Jill Sinclair: “Well Ill be quite honest, when Paul played, when I heard Propaganda the first time, I thought he had a screw loose. I thought my God were meant to be selling records. And I must say this is one point that Paul and I do agree on totally, and Trevor, this is our on unifying fact, that we all believe that in ZTT there is no point in doing it unless the records are hits.”

Paul Morley: “You have to sell records for this kind of playfulness to make sense. It is the chart context. Thats why sometimes I get disappointed with, say, Factory. What theyre doing doesnt make any sense because no one is really aware of it, except for a very obscure few. We can probably number ourselves in that obscure few.”
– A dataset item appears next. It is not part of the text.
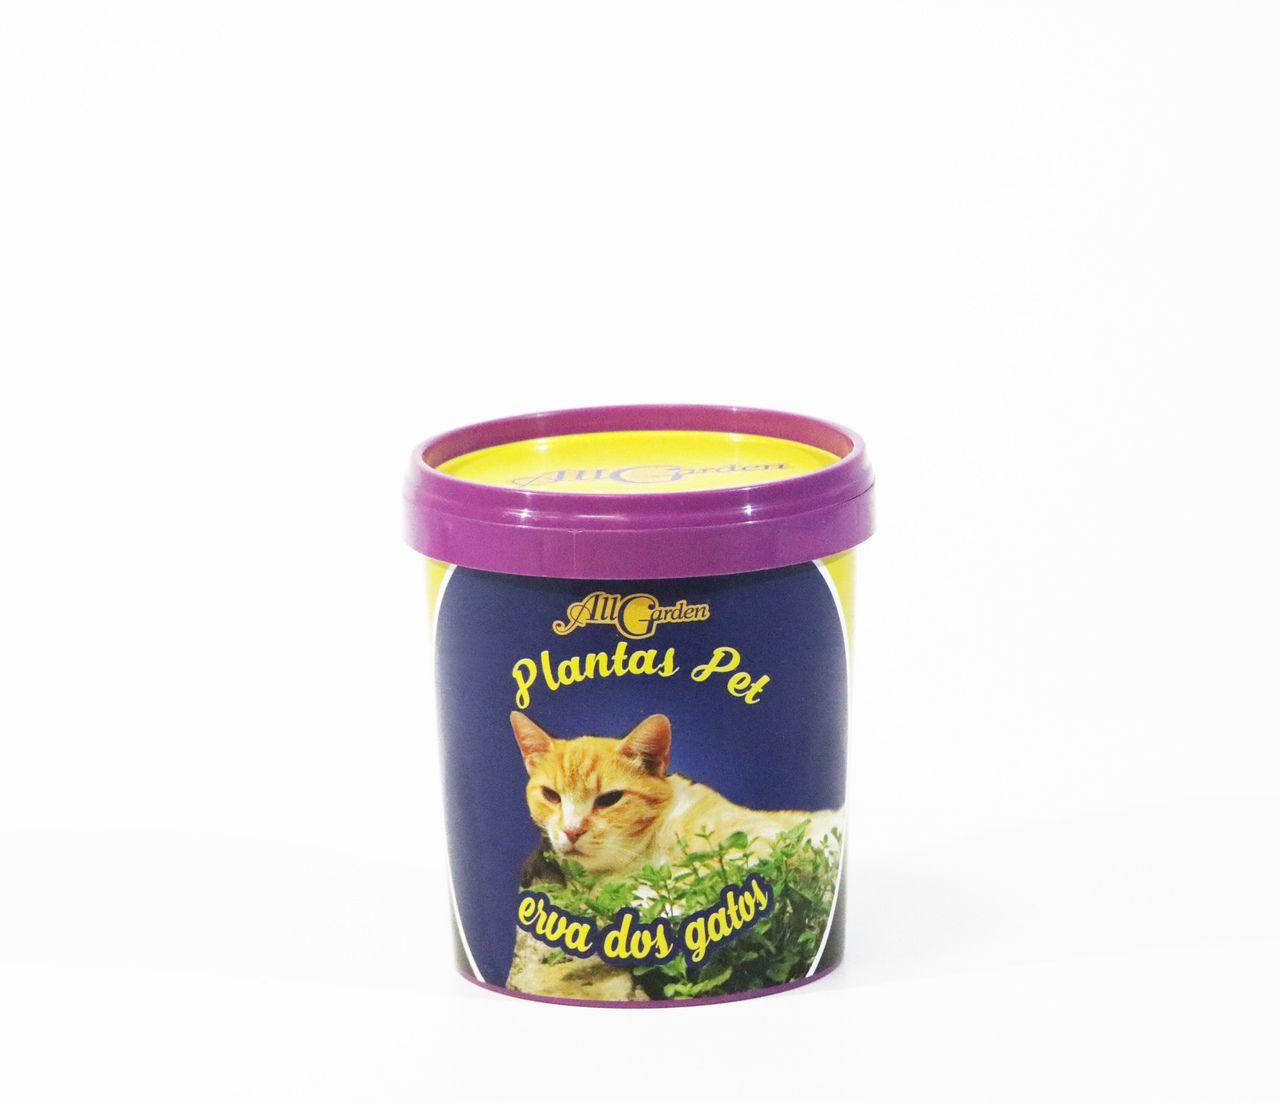 Plantas Pet Ervas dos Gatos All Garden

Trevor Horn: “What you have to do is pick up the music week and see how many records come out every week. It must be in the region of one hundred and fifty. And you look at them all the only ones that ever mean anything to you are the ones that are the hits. So if you dont have a hit your record didnt exist.”
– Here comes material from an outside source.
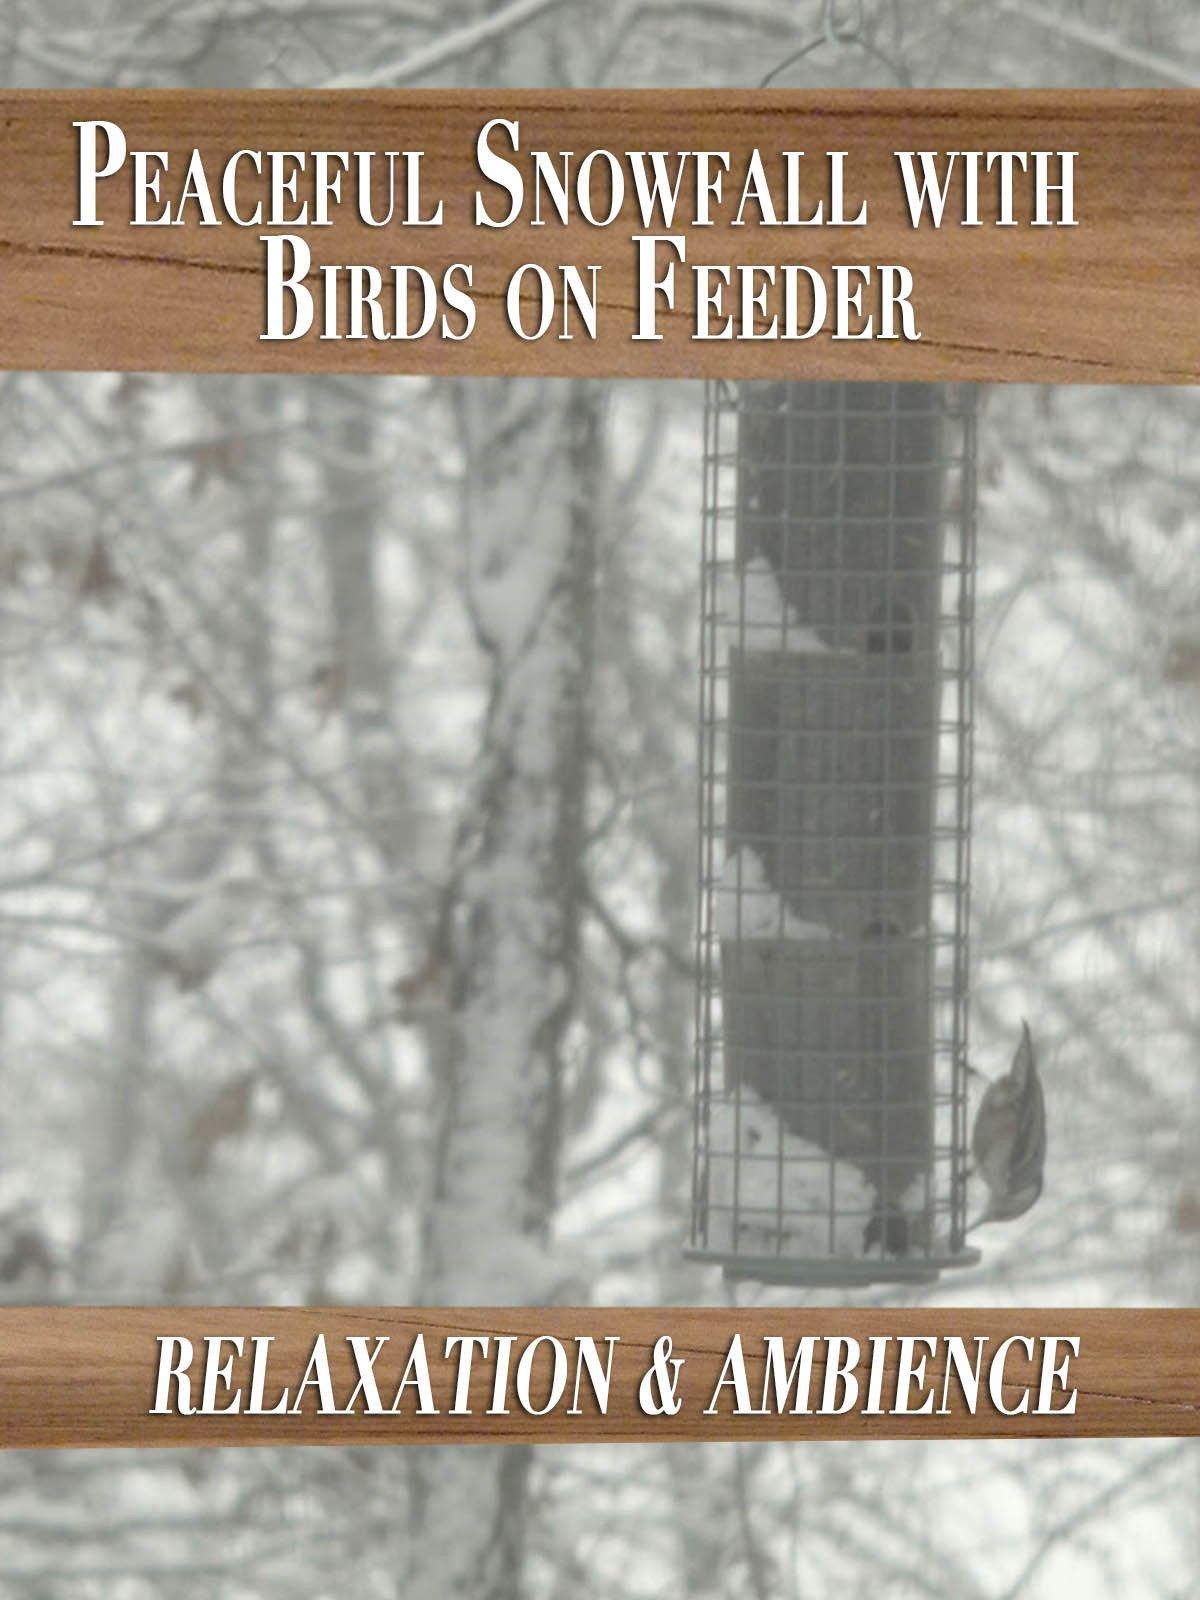 Peaceful Snowfall with Birds on Feeder

The feeling at ZTT is very much that of a small and committed family enjoying their early impact on the music industry. But their link with Island Records and the pressure on them to repeat the success of Relax is such that ZTT will surely have to bow to commercial pressure somewhere along the line and relinquish their air of independence.
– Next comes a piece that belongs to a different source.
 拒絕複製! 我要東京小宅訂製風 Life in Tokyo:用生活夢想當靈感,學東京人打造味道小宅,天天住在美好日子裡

Trevor Horn: “I really think you only independent when youre selling records out of the back of a van, that when youre really independent and pressing them up yourself in your own pressing plant. We worked in a studio when we were doing the McLaren album out in Tennessee where they had a pressing plant that was hand operated ‘round the back of the studio. So they used to make gospel albums in the studio, theyd take a day to make a gospel album, theyd go ‘round the back and theyd press up a thousand and go out and sell them the day after. Thats being independent.”

Jill Sinclair: “I think that a lot of record companies are big for the wrong reasons. I think if record companies had… If I five act on my label that sold like Supertramp, Foreigner, I would be enormous but I wouldnt be big, if you know what I mean and I think thats what we want to do with ZTT.”

Paul Morley: “I have a great belief in the beauty of the pop single. Not that its important or that its good or bad. Just, there it is, its beautiful. I think maybe thats why the record industry is a little bit lost at the moment. Its forgotten what a beautiful thing a pop single can be, what a strange thing, very odd, all time can be in there, all its done well, all life, its a very beautiful thing!”